**Data section**
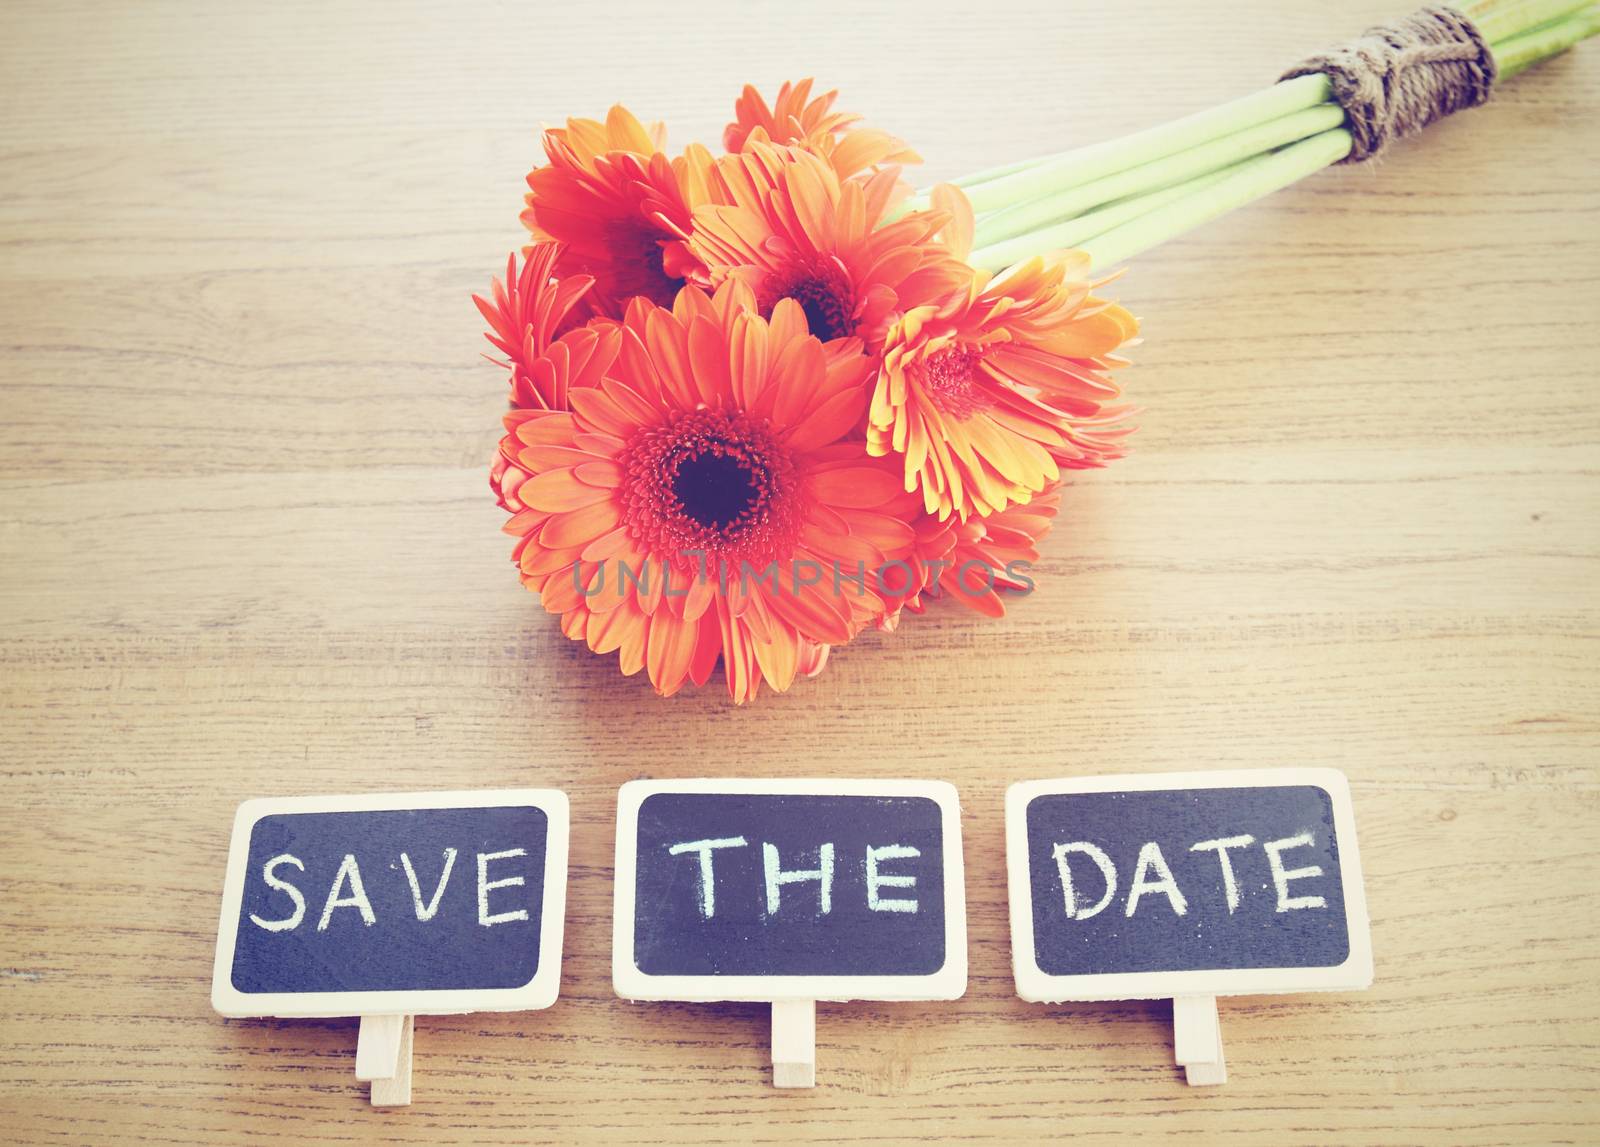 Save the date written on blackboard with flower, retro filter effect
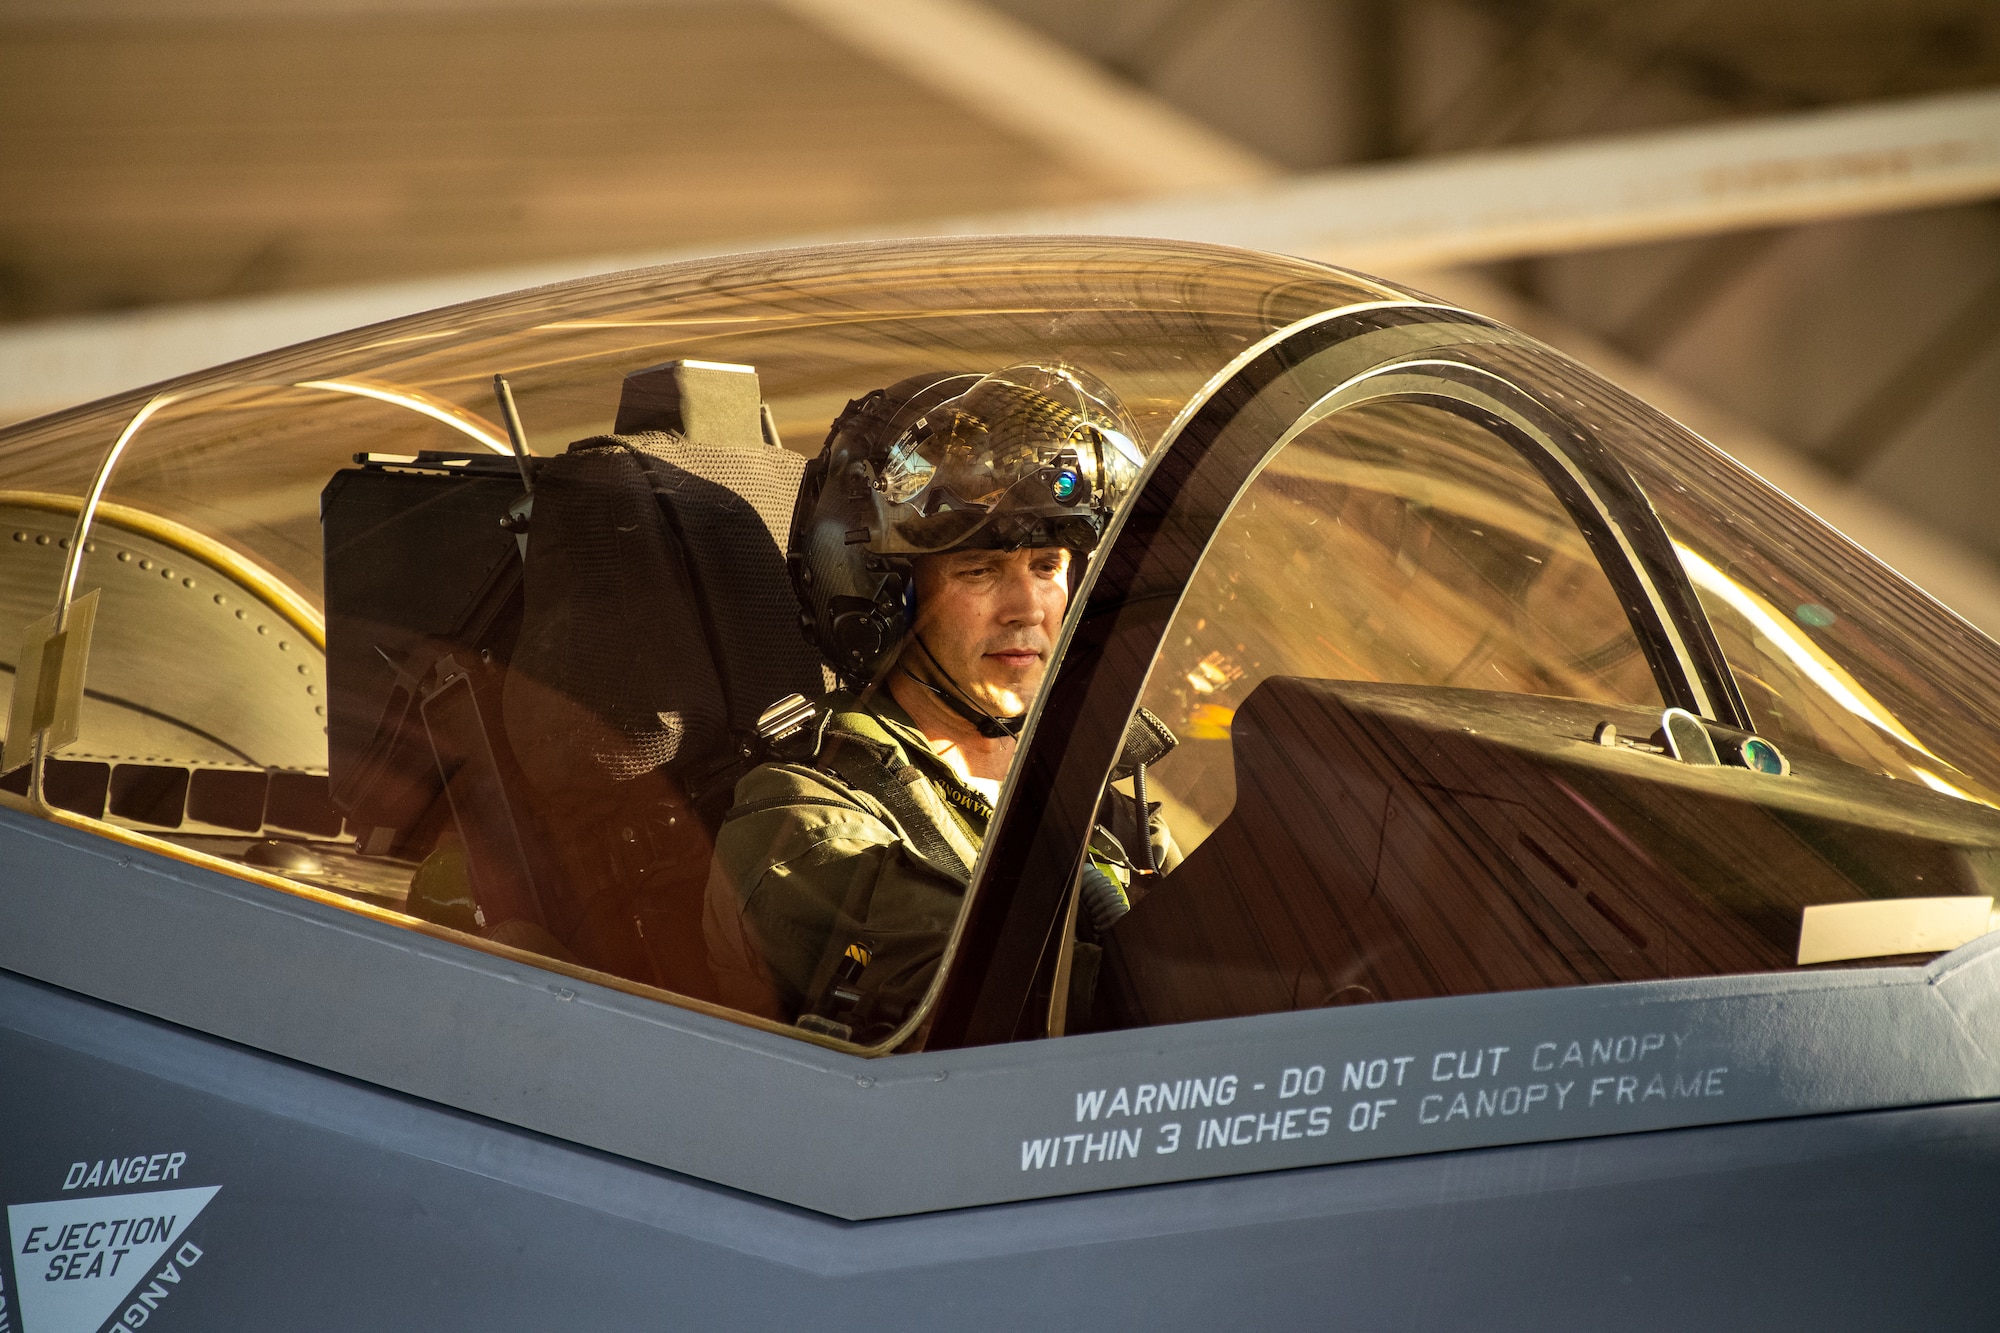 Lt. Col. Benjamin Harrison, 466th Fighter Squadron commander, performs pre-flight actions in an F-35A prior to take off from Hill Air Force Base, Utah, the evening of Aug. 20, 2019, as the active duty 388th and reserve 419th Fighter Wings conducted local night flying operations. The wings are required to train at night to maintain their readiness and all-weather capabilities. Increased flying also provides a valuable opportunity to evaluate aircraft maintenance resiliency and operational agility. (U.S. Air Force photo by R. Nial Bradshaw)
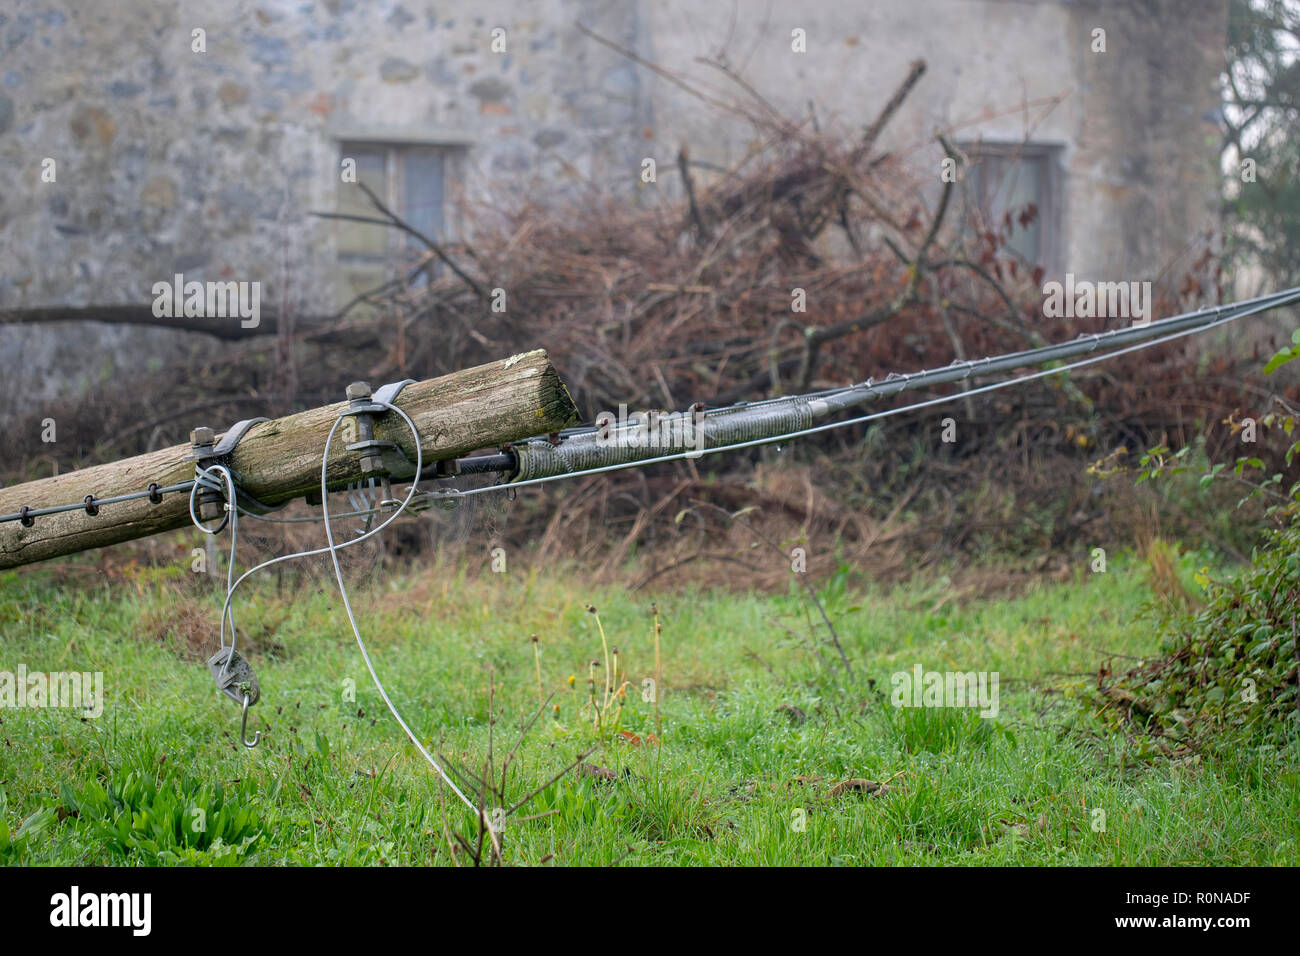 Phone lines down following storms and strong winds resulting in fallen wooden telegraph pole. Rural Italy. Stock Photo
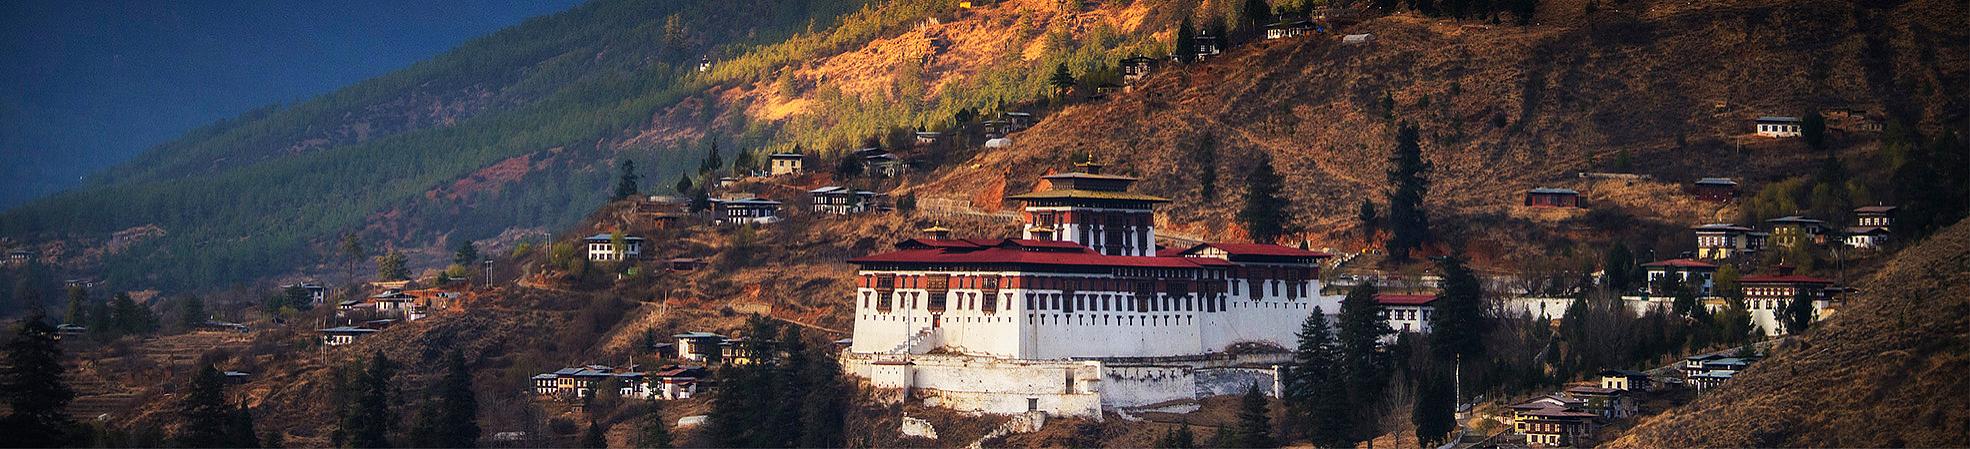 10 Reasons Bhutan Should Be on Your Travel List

**Task instructions**
Pictures stay out. Copy exactly, and only, the lines from the one containing "Phone lines down" through the end of the data.

**Result for this task**
 Phone lines down following storms and strong winds resulting in fallen wooden telegraph pole. Rural Italy. Stock Photo
 10 Reasons Bhutan Should Be on Your Travel List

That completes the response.